#### Task requirements
Give back exactly the lines starting at the one with "shop minka aire" and ending at the last line of the data below. Pictures are not part of the copy.

#### Exercise data
......
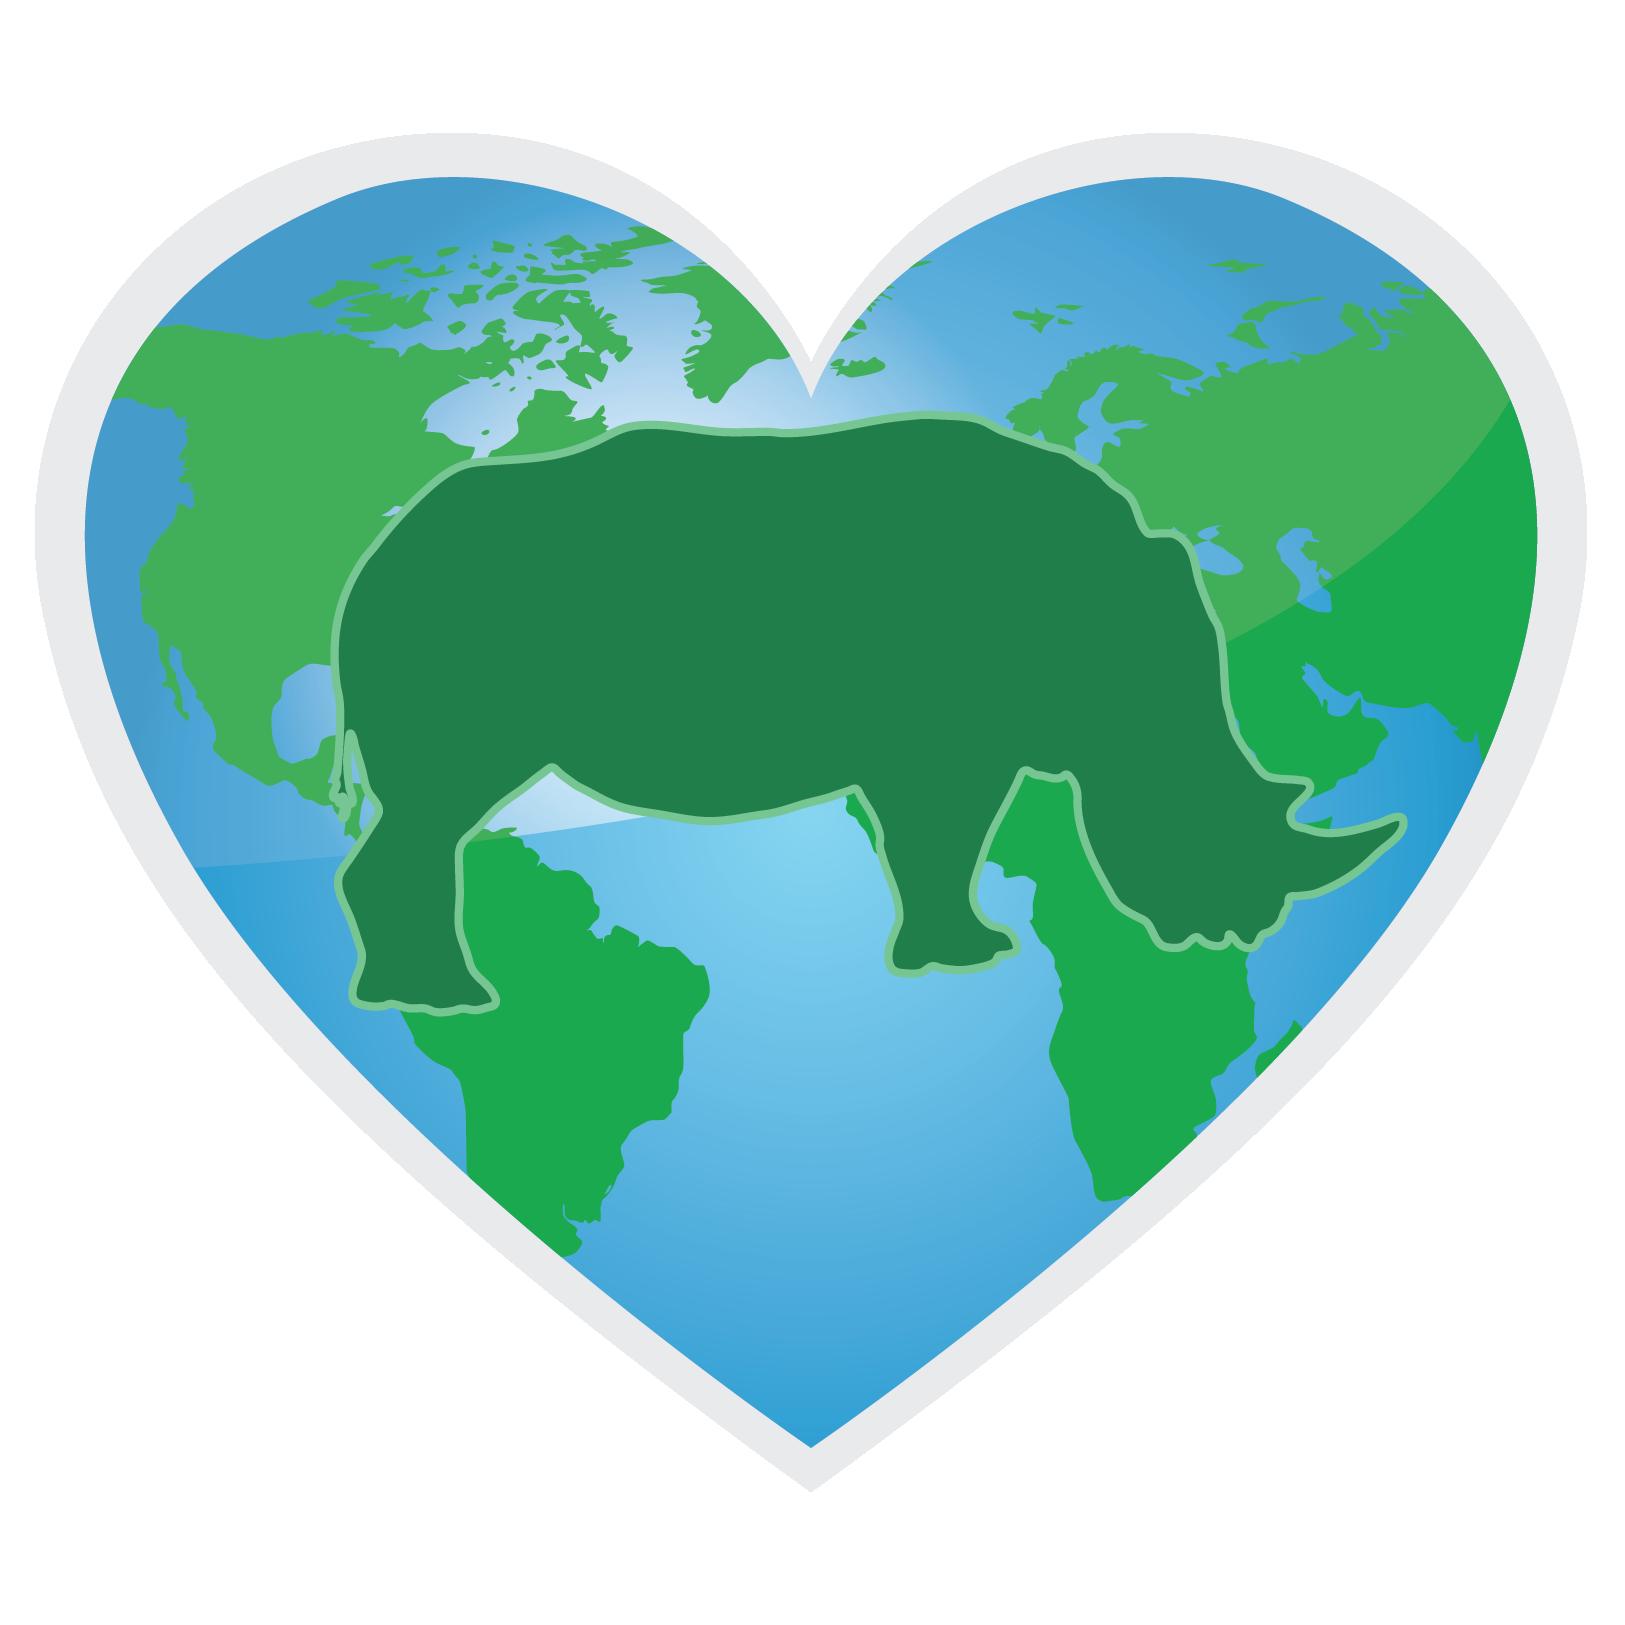 TPWF_heart_rhino_300dpi
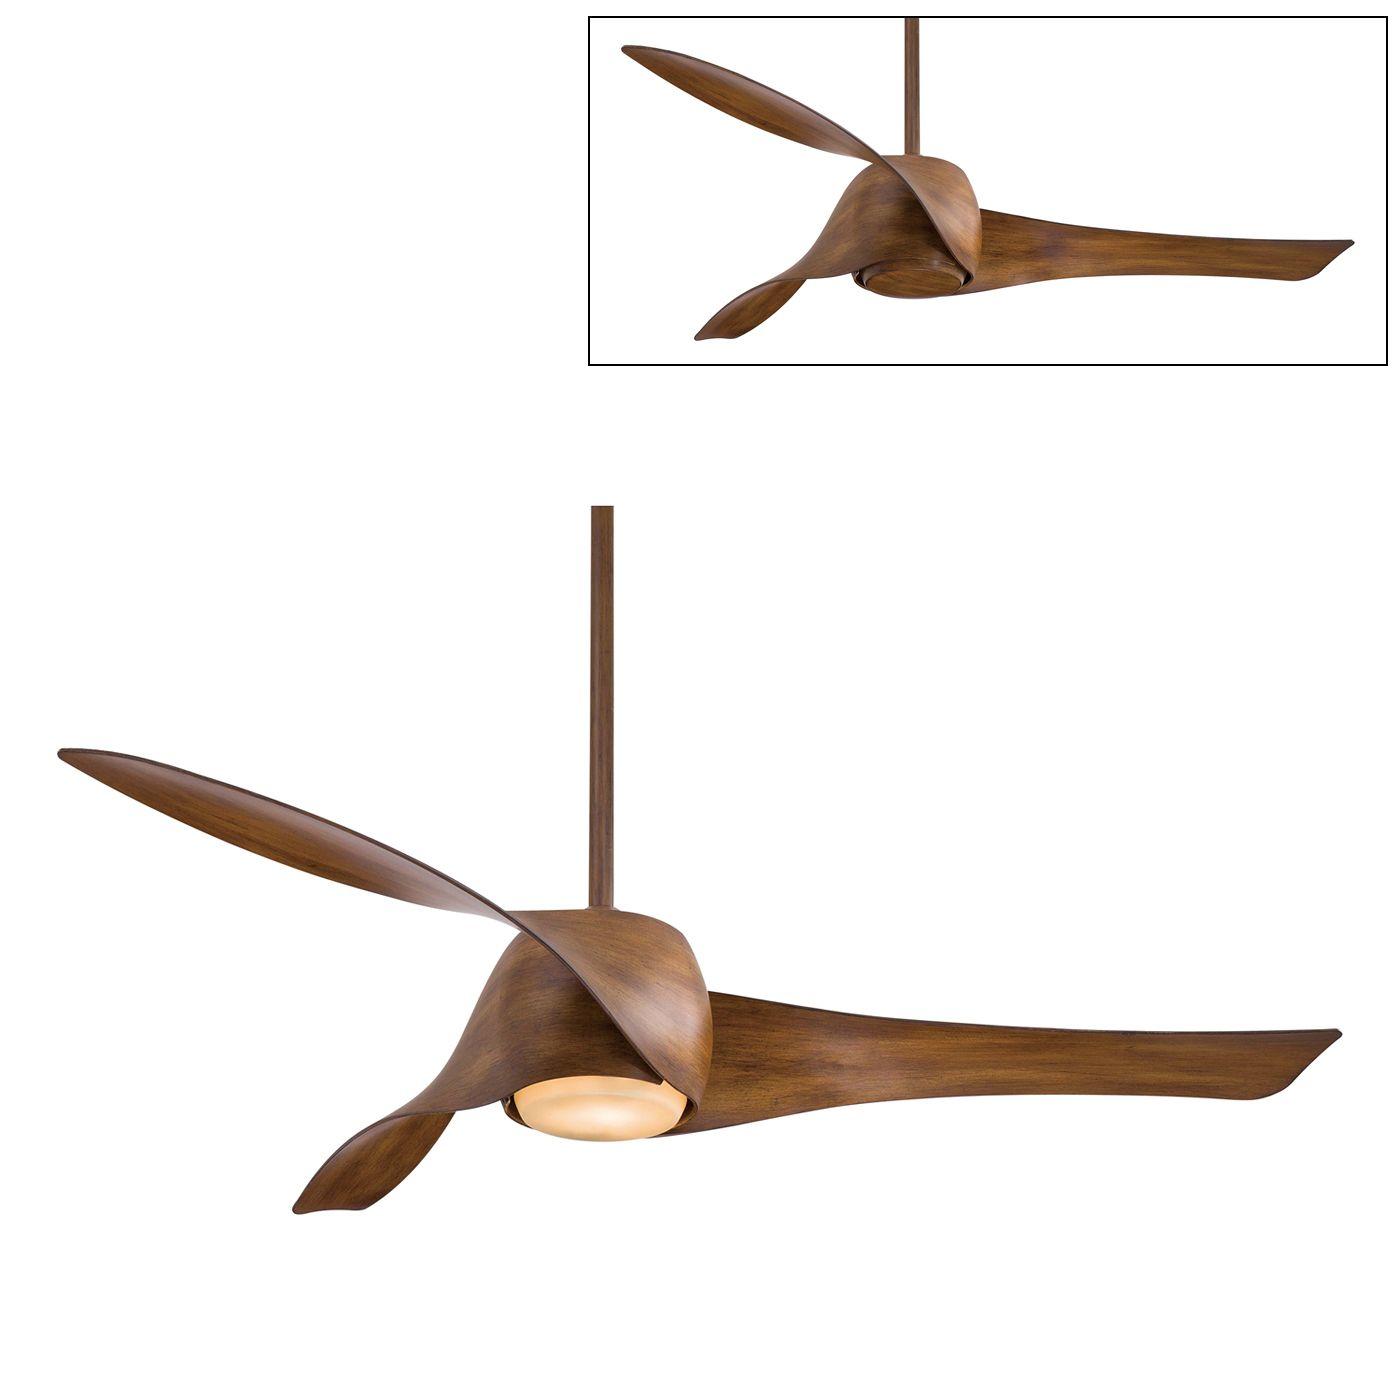 shop minka aire f803 58-in george kovacs® artemis™ ceiling fan at
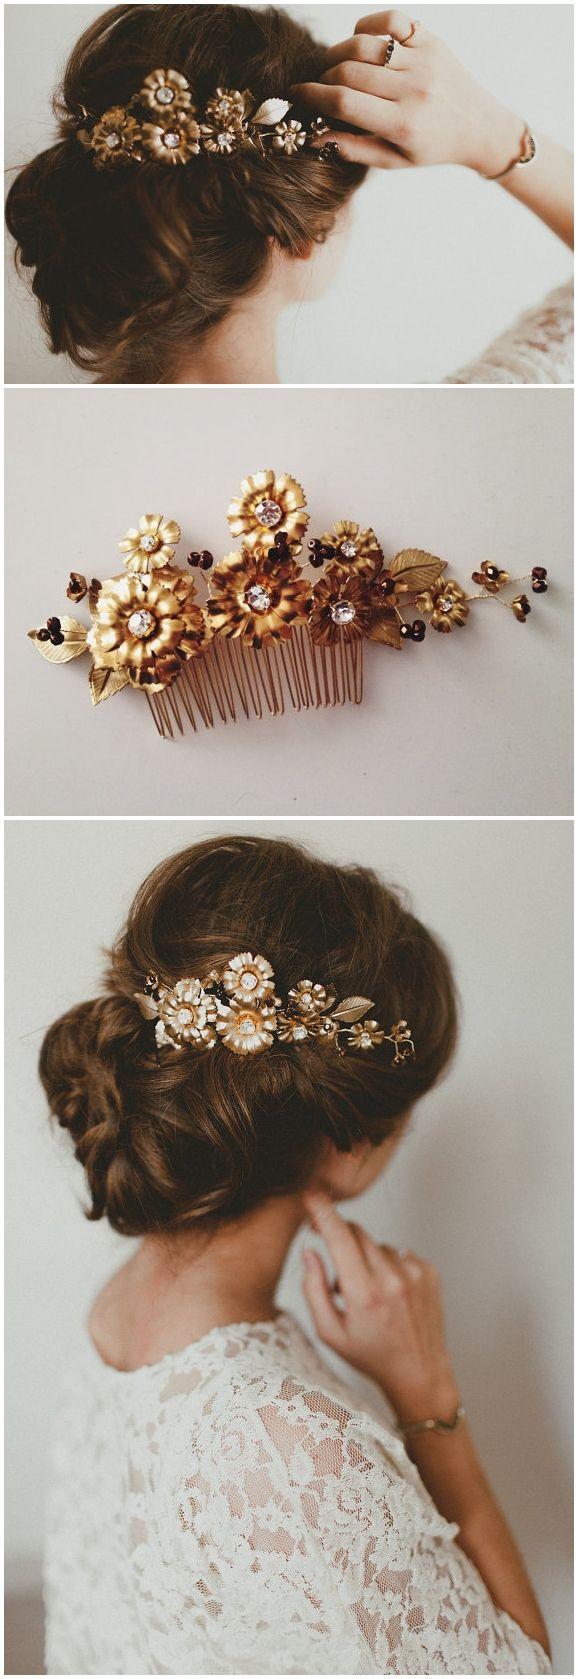 Wddding hairstyles La Marguerite comb, #1308
......
#### Task output
 shop minka aire f803 58-in george kovacs® artemis™ ceiling fan at
 Wddding hairstyles La Marguerite comb, #1308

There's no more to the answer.